The relocation of this thing proved to be a very painful, very strenuous process. It still makes me cringe just thinking about it. In summary: small Asian woman, her blind roommate and I attempt to carry the thing to my car while her toddler son stands by and cries. Very large black neighbor asks me to hold his pit bull while he shoulders the entire thing by himself and carries it effortlessly to my (might-be-too-small, I suddenly realize) car. Fit the table into the car only after rolling the windows down to allow the legs to stick out (poor car receives scratches and dents). Once home, I attempt to get the thing out of my car and wheel it up to my place, solo, incurring many scratches, bruises, and possibly some type of psychological trauma that has yet to surface (I'm guessing it will be a fear of dolly carts and bungee cables).
BUT without further ado, here it is:
But it was only $40, and that's a great price for good bones!
A serious makeover was in order. The table would have to be taken apart and the finish stripped away. I used a gel-like varnish remover and covered it in seran-wrap to keep it from drying out (this all took place on my very cold balcony...also, I do NOT recommend doing this on a balcony).
Notice that I forgot the very important step of taking the table apart. :( I ended up getting some remover on the metal legs, which had been finished with some sort of matte coating to make it look like brushed metal. Underneath was a shiny metal that looked pretty sweet, but that meant another piece to add to the two wood pieces already on the list.
Once I scraped away the varnish and remover, I cleaned up any remaining goop and went to work on the rest of the stain with an electric sander (thank you Nick!). This was probably the most taxing part of the project in terms of messiness, physical effort and um, the neighbors' peace and quiet. Seriously for about three Sundays in a row I was outside for several hours sanding away (Sunday, because the apt. office is closed and no one can complain about me :D).
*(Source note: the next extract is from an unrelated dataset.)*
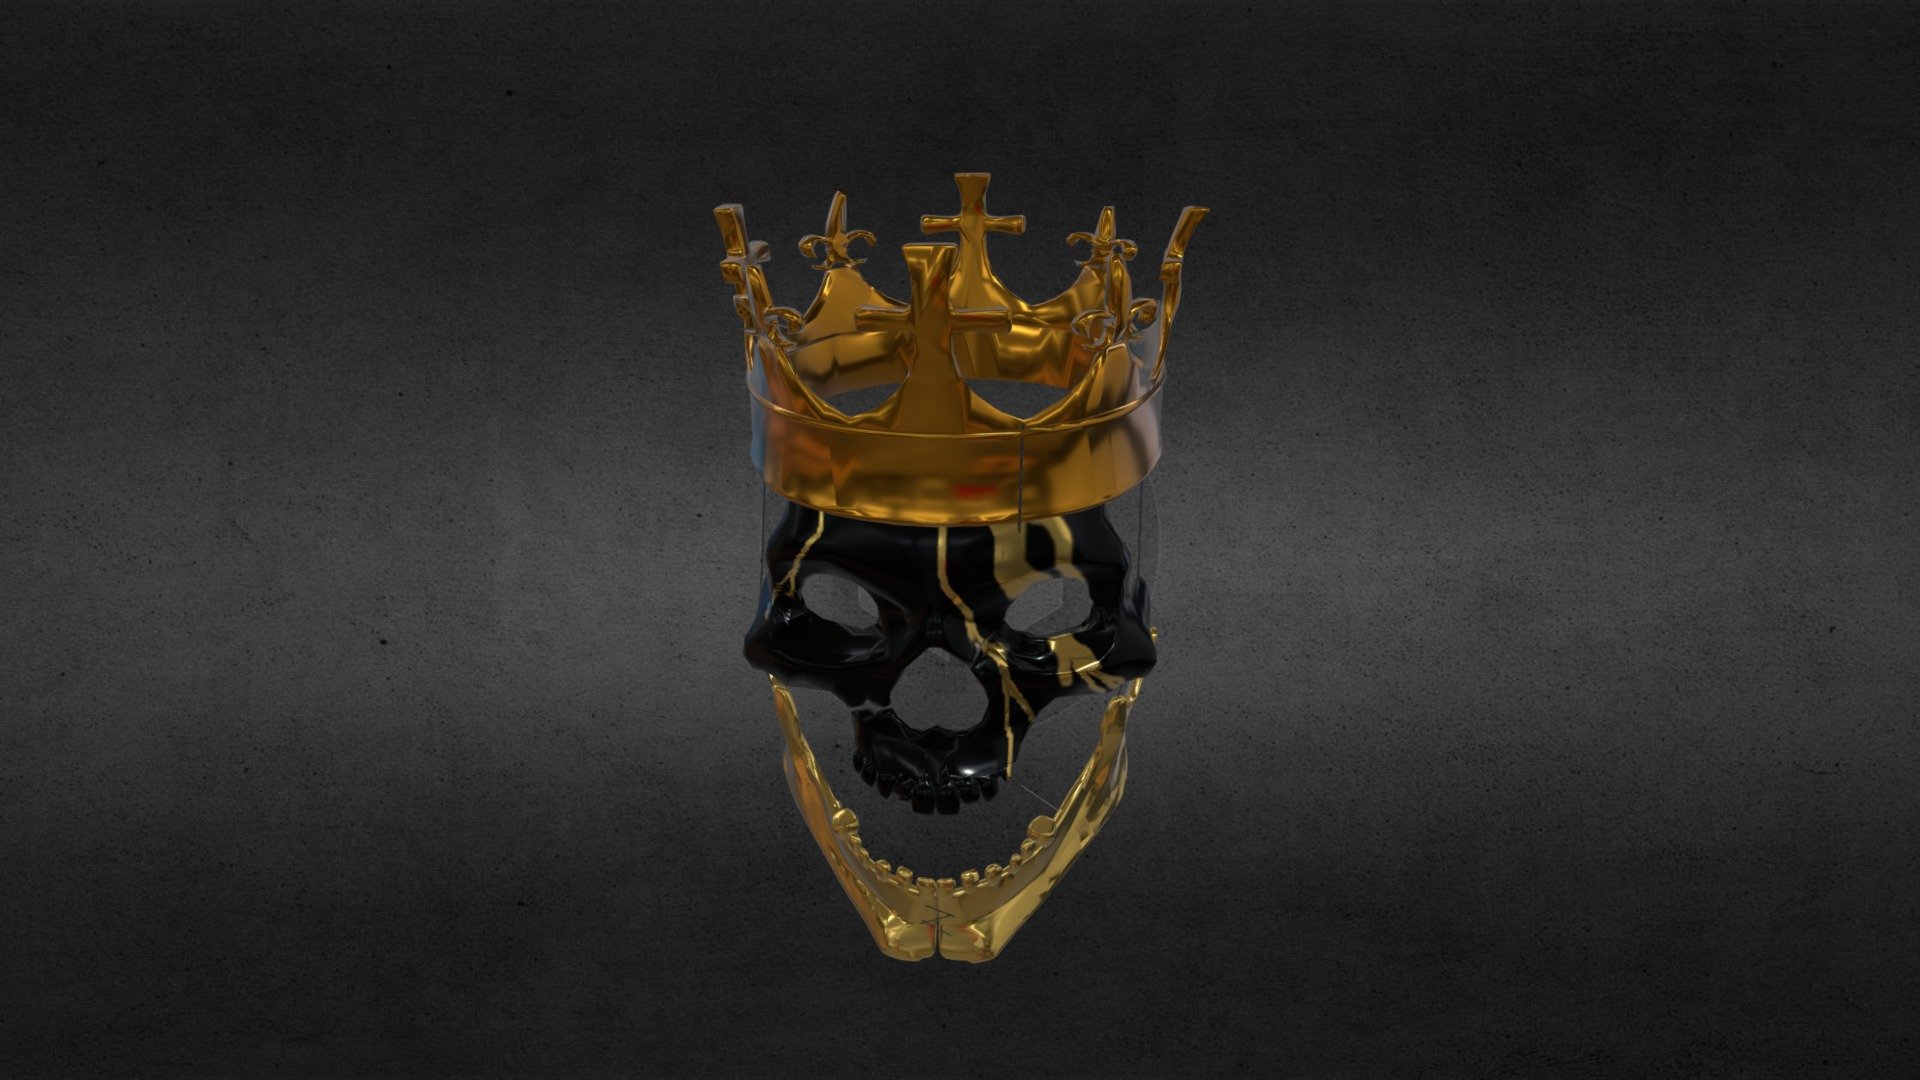 A second variant of the KingOfHearts Mask fan-made, free to use. The Golden Skull Mask with metallic material 3d model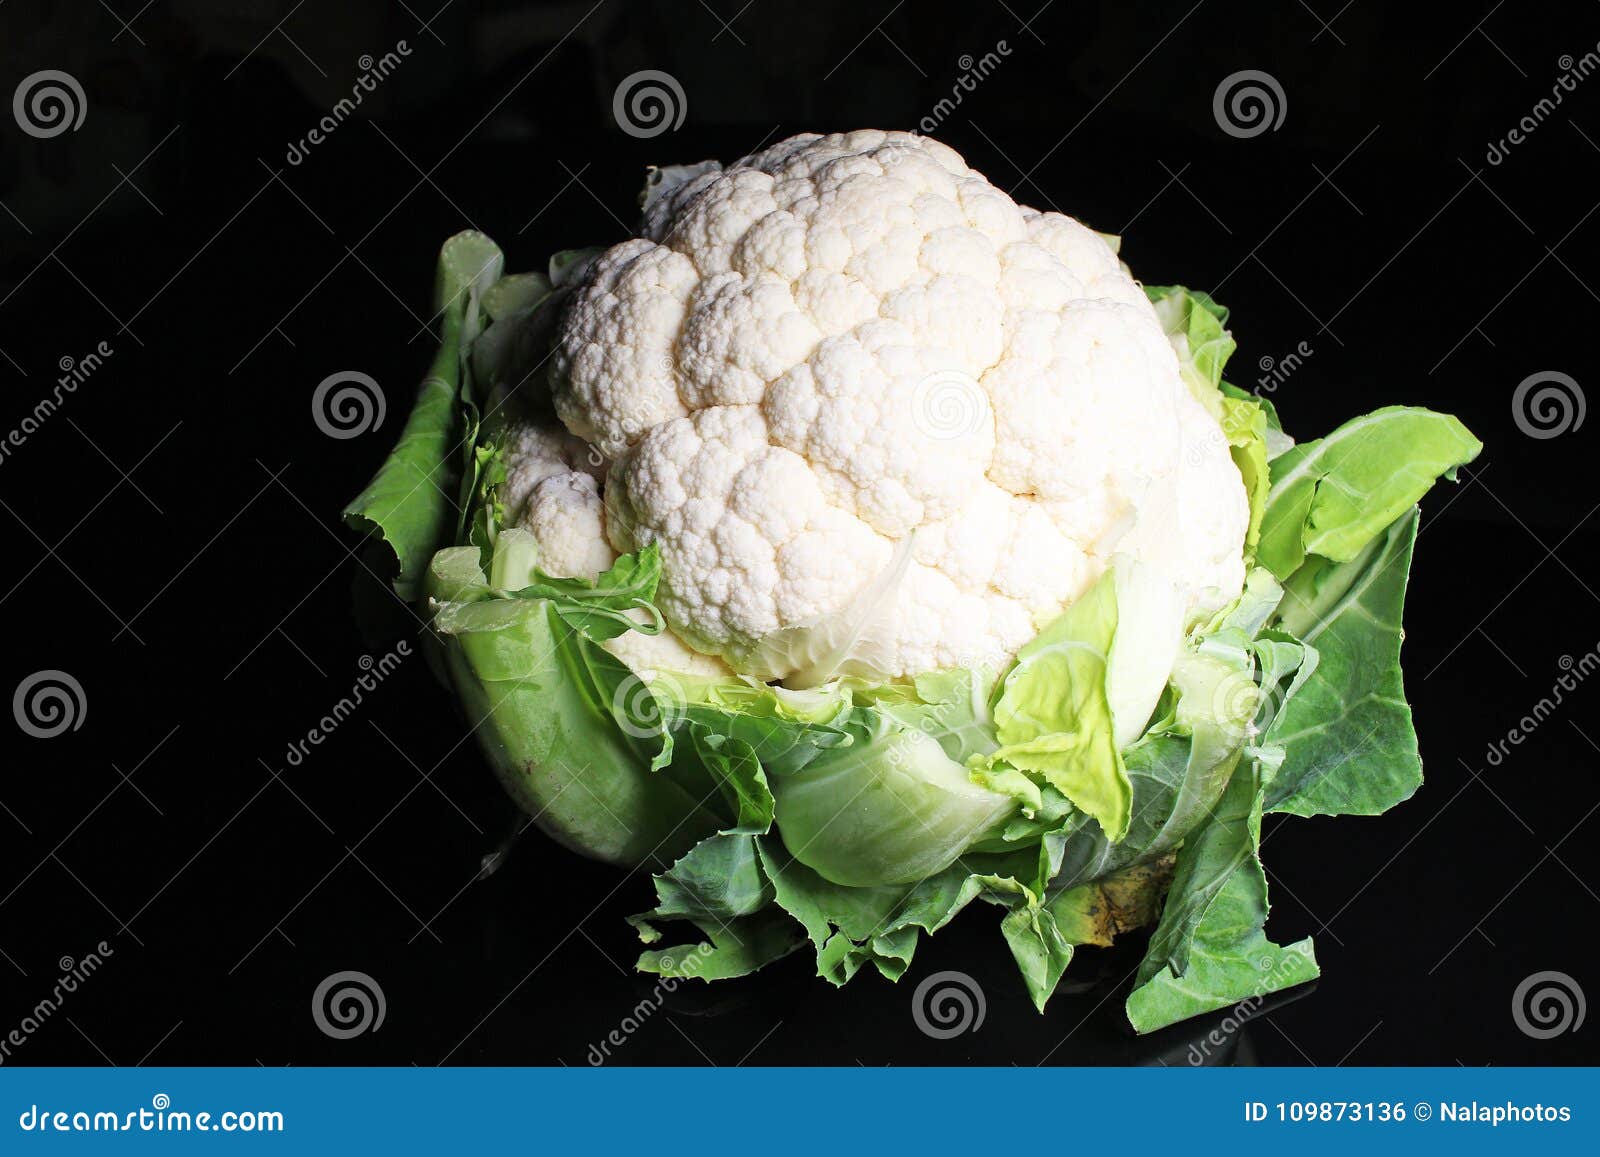 cauliflower head curd coliflor on black reflective studio background.  black shiny mirror mirrored background for every co

And remember, I did all that sanding for TWO pieces. Working with an electric sander does strange things to the nerves in your hand. After a while, they start to have that tingly feeling like when your hand is coming out of numbness, but it lasts for a really long time. Probably not natural.
Once the wood pieces were finally stripped down to their beautiful bare selves, it was time to apply a new finish. It was also time to raid Teako's old sock stash.
I'm a big, big fan of bringing out the natural color of a good piece of wood rather than using a stain, so for this guy I used a clear, glossy Polyurethane.
This is what it looked like after the first coat. You can already see the natural luster of the wood coming out beautifully.
I did five coats for the top piece and three coats for the bottom. I also stripped away the rest of the matte finish on the metal frame. Once I finally put it all together (about 2 months after starting the whole project), it was lovely.
I'm totally in love with this table, and even more-so because I feel like all the sweat and tears I put into it really made it mine. And to all you obsessive coaster people...I get it now.